Cardiac hydatid cyst is a parasitic disease seen rarely in India. It is caused by infection with larvae of echinococcus granulosus. In the life cycle of echinococcus humans are the accidental hosts, dogs or other carnivores are the primary host and sheep as intermediate host. Humans get infected by eating food or fluids contaminated with dog feces containing ova of the echinococcus.
The most common site of the hydatidosis in humans is liver (50–70%), followed by lungs (5 to 30%), muscles (5%), bone (3%), kidneys (2%), spleen (1%), and brain (1%) [1]. Cardiac hydatid is uncommon occurring in less than 2% of cases [1]. Left ventricular free wall is the most common location followed by right ventricle, pericardium, left atrium, and right atrium. Interventricular septum is a rare location and occurs in less than 4% of cardiac hydatid cases [1]. Larvae reach the myocardium through systemic or pulmonary circulation or as a direct extension from other adjacent organs.
Clinical presentation depends on the location of the cysts, whether they are intact and infiltration of the underlying structures. Only few patients especially those with large size and involving underlying structures present with symptoms [2] like dyspnea, palpitations, angina, conduction disturbances, arrhythmias, valvular dysfunction, and outflow tract obstruction [3,4,5]. They can also present as systemic or pulmonary embolization [6]. Rupture of the cyst is a fatal complication resulting in anaphylactic shock, embolization, pericardial tamponade, and mortality in 75% of the patients. Very rarely, rupture may be silent. The cause for dyspnea and increase in pulmonary pressures in this patient was due to extensive involvement of lung due to pulmonary embolization.

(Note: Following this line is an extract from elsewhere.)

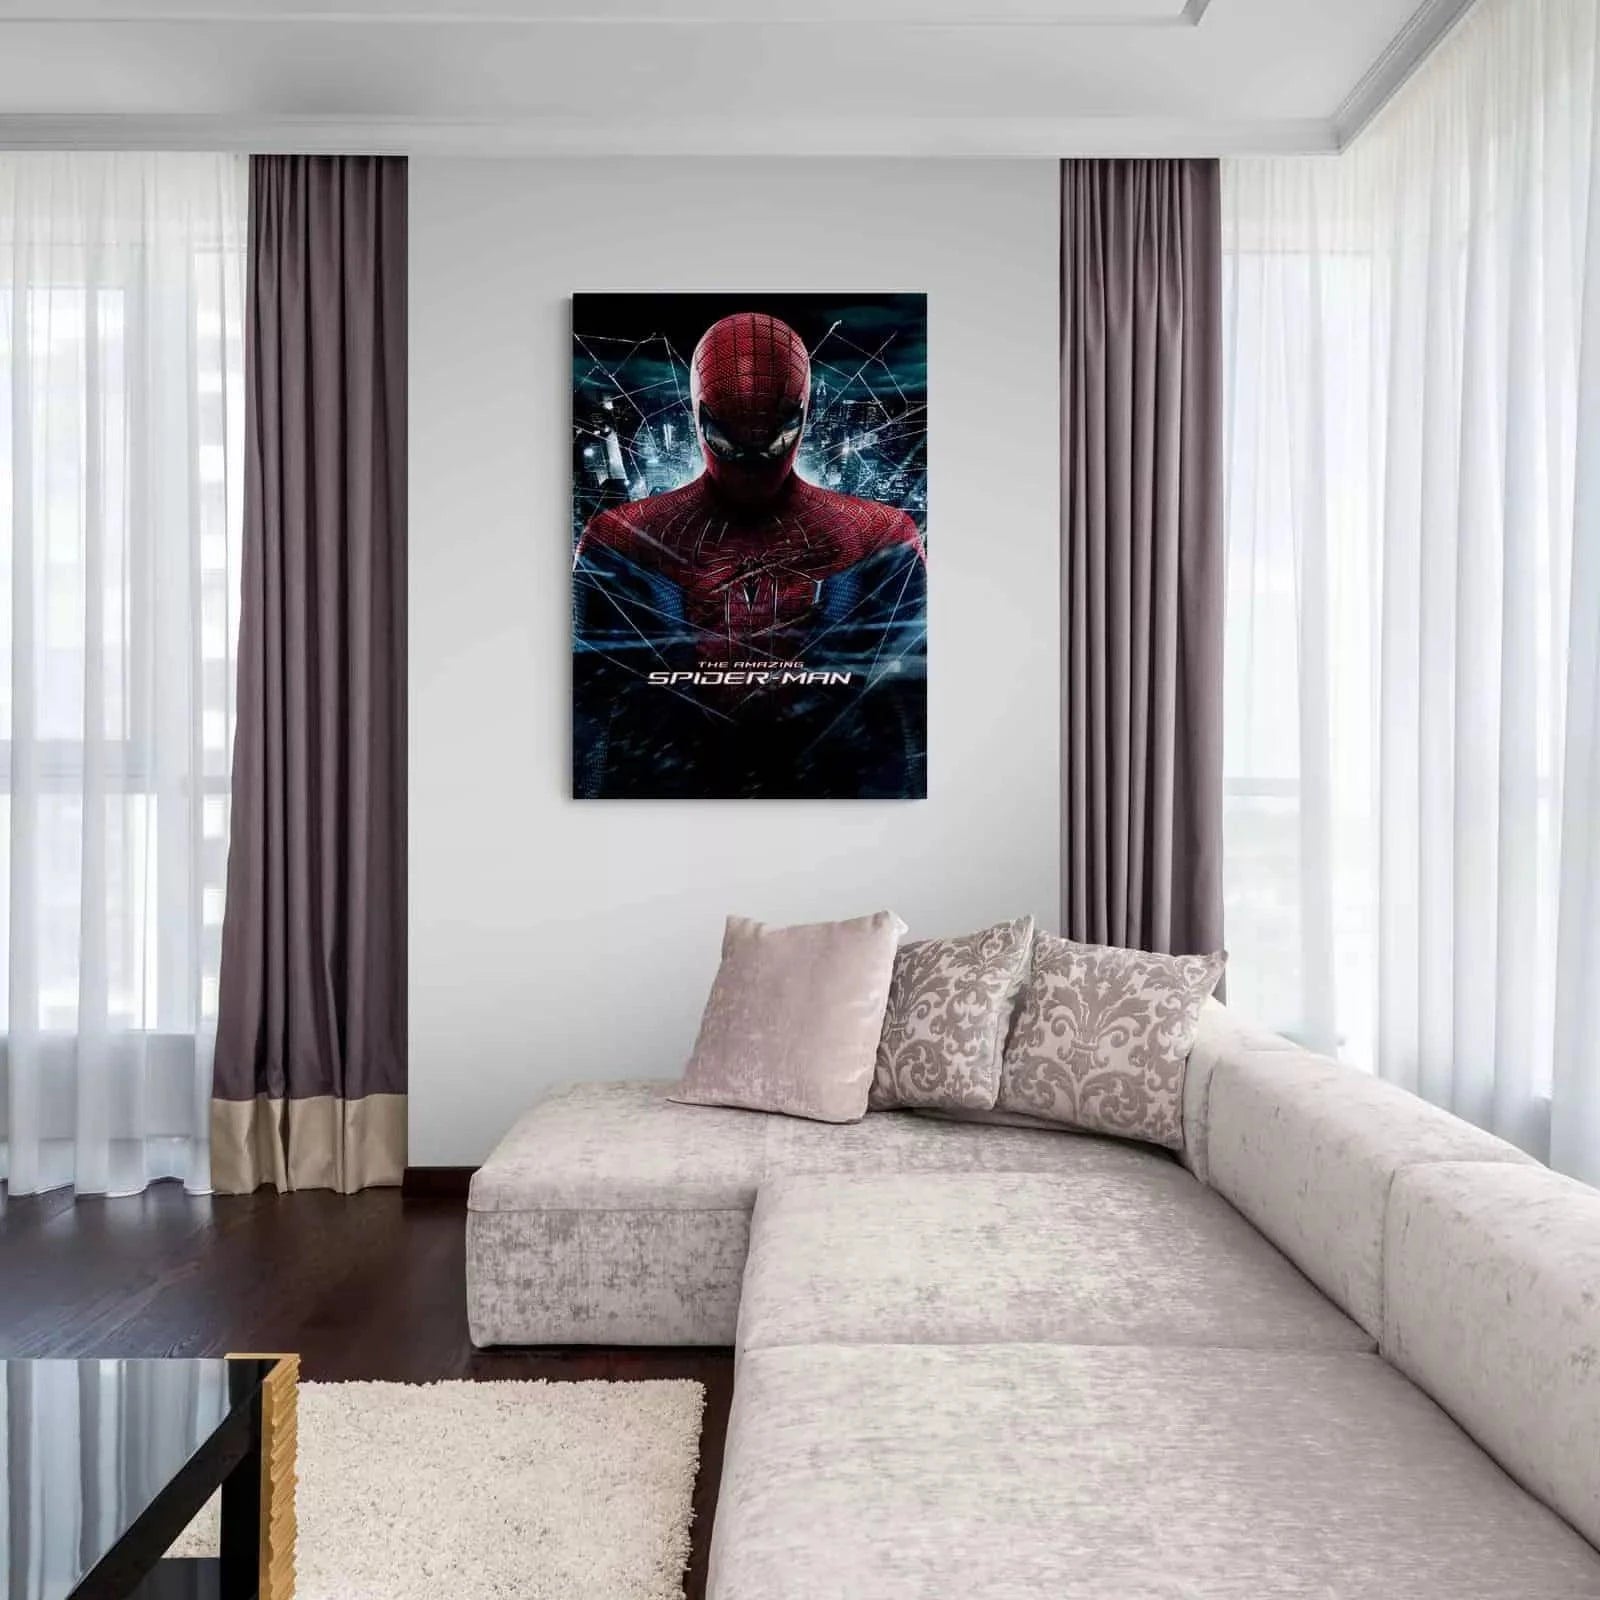 Tableau sur toile Spiderman - Toile en tissu cadre en bois de 3 cm -  Fabriqué en Espagne - Impression en haute résolution - 75 x 120

Diagnosis is usually made by echocardiography and many times is sufficient [5]. Typical echocardiographic appearance includes well defined cystic mass with or without septations [7]. Echocardiography demonstrates the location of the cyst, its number and the relation with the surrounding structures, any valvular dysfunction, or outflow tract obstruction or pericardial effusion. In an echocardiography description study of 14 patients by Hamda et al., 8 patients had single cystic mass and 5 patients had multiple cysts [5]. A solid lesion can also be seen in some cases of infection with echinococcus multilocularis [2]. The differential diagnosis for a cystic mass on interventricular septum includes cardiac tumors, cysts, metastasis, IVS aneurysm, etc.
Further modalities like CT and CMR are very important in detailed characterization of the cyst, to assess the relation of the cyst with surrounding cardiac or extracardiac structures and helps in planning the surgery. The appearance of hydatid cyst on CMR is characteristic with hypointense on T1-weighted and hyperintense on T2-weighted. More specific signs include calcification and presence of daughter cysts [8]. CMR could identify additional cysts not identified by echocardiography [9]. Very few cases have been reported with nuclear imaging. There are no characteristic patterns on FDG PET for hydatid cyst and usually have peripheral calcification and minimal FDG uptake. However, very high uptake can mimic malignancy [10, 11]. In the present case, CMR was done to find out the nature of the cyst, its activity, and its relationship with the surrounding structures. With the use of CMR in our case, we could identify that the cyst is causing interference of contractility with hypokinesia of the septum, confirmation of decrease in EF, and also decreased perfusion in the septum was noted raising the possibility of infiltration of the underlying septum. The natural history of hydatid cyst is that the cyst grows slowly between the cardiac fibers and remain active for many years until it becomes large enough to cause compression, invasion of the surrounding structures [9].
Treatment involves combined medical and surgical therapy. Medical therapy includes albendazole which helps in preoperative sterilization of the cyst and decreases intraoperative dissemination. It is preferable to continue post-operative albendazole as it helps in reduction of recurrences [3].
Because of poor prognosis in case of rupture and only partially effective medical therapy, preferably all cases of cardiac hydatid cyst should undergo surgical excision. Surgical techniques depend on the location of the cyst and most often done under cardiopulmonary bypass. One of the problems during surgery is the extreme fragility of the cystic wall and risk of dissemination into systemic circulation. To prevent this, before enucleation an anti-helminthic solution (like 2% formalin, 0.5% silver nitrate solution, 20% hypertonic saline solution, 1% iodine solution, or 5% cetrimonium bromide solution) is to be injected in to the cyst [2].
In our case, as the patient was running fever despite multiple antibiotics and anti-parasitic therapy, we have done PET which showed no uptake in the cardiac hydatid cyst. We went ahead with surgery in this patient even though PET showed less FDG uptake as the cyst was affecting left ventricular contractility and because of the risk of rupture. This case highlights the poor prognosis of cardiac hydatid cysts, associated complications, and underlines the importance of early recognition and surgical management in such patients.